The head of the family, Mahmoud Salhiyya, along with other relatives, was also arrested.  Mr. Salhiyya had threatened to set himself on fire two days ago after Israeli forces demolished his business, located next door. 

Other families at risk 

UNRWA stated that sadly, cases like the Salhiyya’s are not unique as scores of Palestine refugee families in different areas of Sheikh Jarrah alone – over 200 persons, many of them children – currently face imminent threat of eviction.  

Across East Jerusalem, an estimated 218 Palestinian households are at risk of displacement by the Israeli authorities, the agency said, citing 2020 data from the UN humanitarian affairs office, OCHA

These households comprise some 970 people, including 424 children. 

UNRWA called on the Israeli authorities to abide by international law and, as the occupying power, to ensure the protection of Palestine refugees and civilians in the West Bank, including East Jerusalem.  

“All individuals have a right to safe and secure housing and to live in peace and dignity,” said the agency. 

Agencies call for release of seriously ill child 

In another development in the region, UNRWA and two other UN agencies are calling for the immediate release of a seriously ill Palestinian child detained in Israel. 

Amal Nakhleh, now 18, has been held without charge for more than a year, a measure known as administrative detention.  He has a rare neuromuscular disorder, according to media reports. 

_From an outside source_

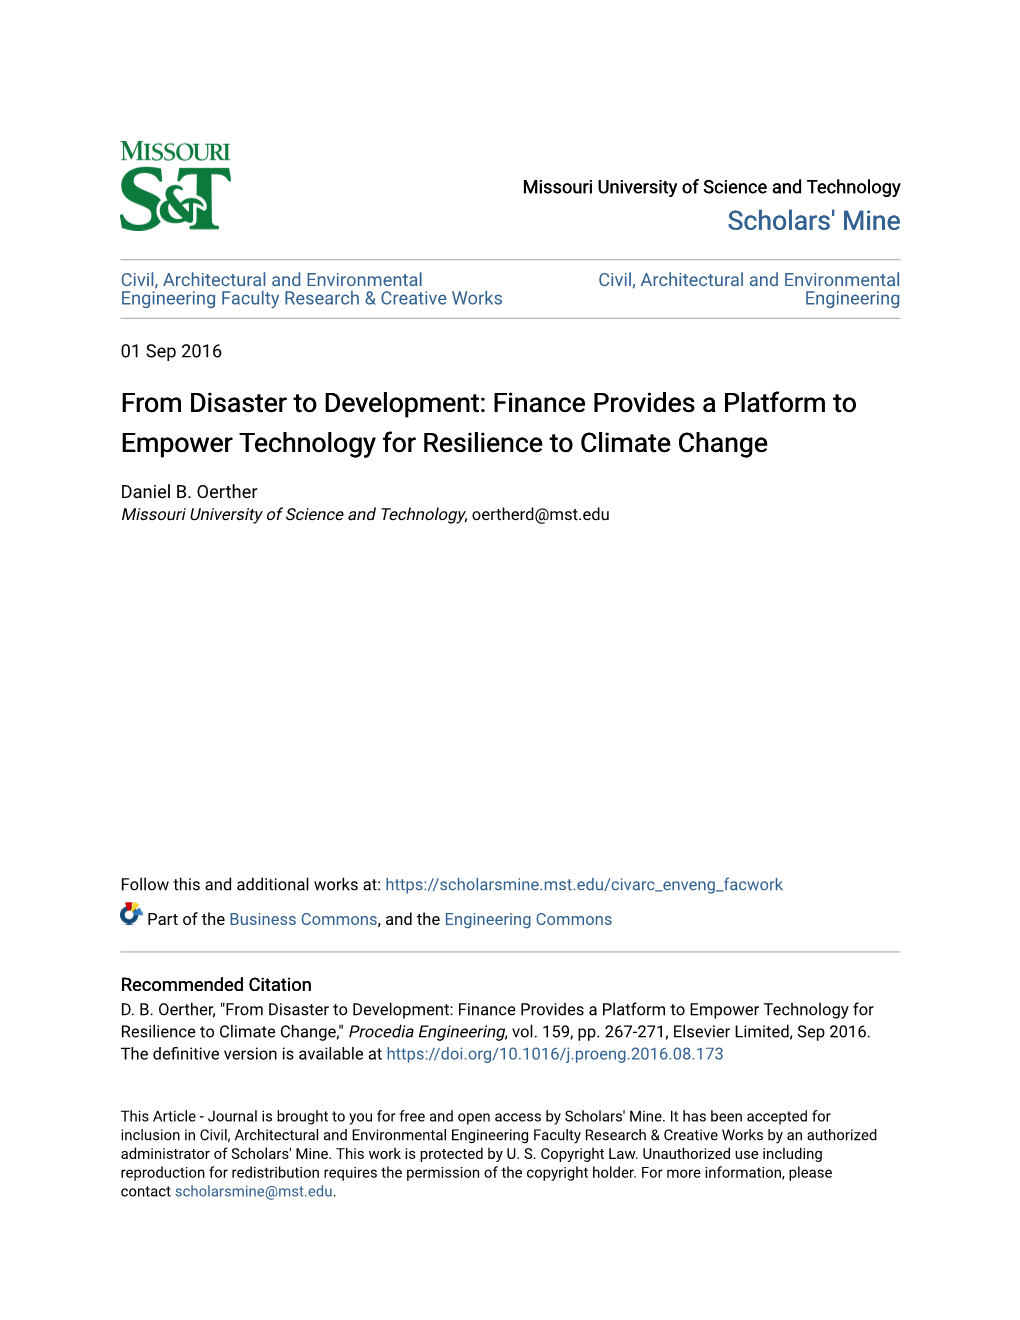 From Disaster to Development: Finance Provides a Platform to Empower Technology for Resilience to Climate Change

Israel has extended his detention until 18 May, according to a statement issued on Thursday by the UN Children’s Fund (UNICEF), UNRWA, and the UN human rights office, OHCHR

“Neither Amal nor his lawyers or family have been informed of the reasons for his arrest and detention. Amal suffers from a severe autoimmune disease that requires continuous medical treatment and monitoring,” they said. 

Not an isolated case 

The UN agencies called for his “immediate and unconditional release”, in line with international human rights law. 

This is not an isolated case, they added, as currently at least three Palestinians are in administrative detention who were under age 18 when they were first detained. 

“We echo the calls of the UN Secretary-General who in his Report on Children and Armed Conflict has, every year since 2015, urges Israel to end the administrative detention of children. This practice deprives children of their liberty and must immediately end.”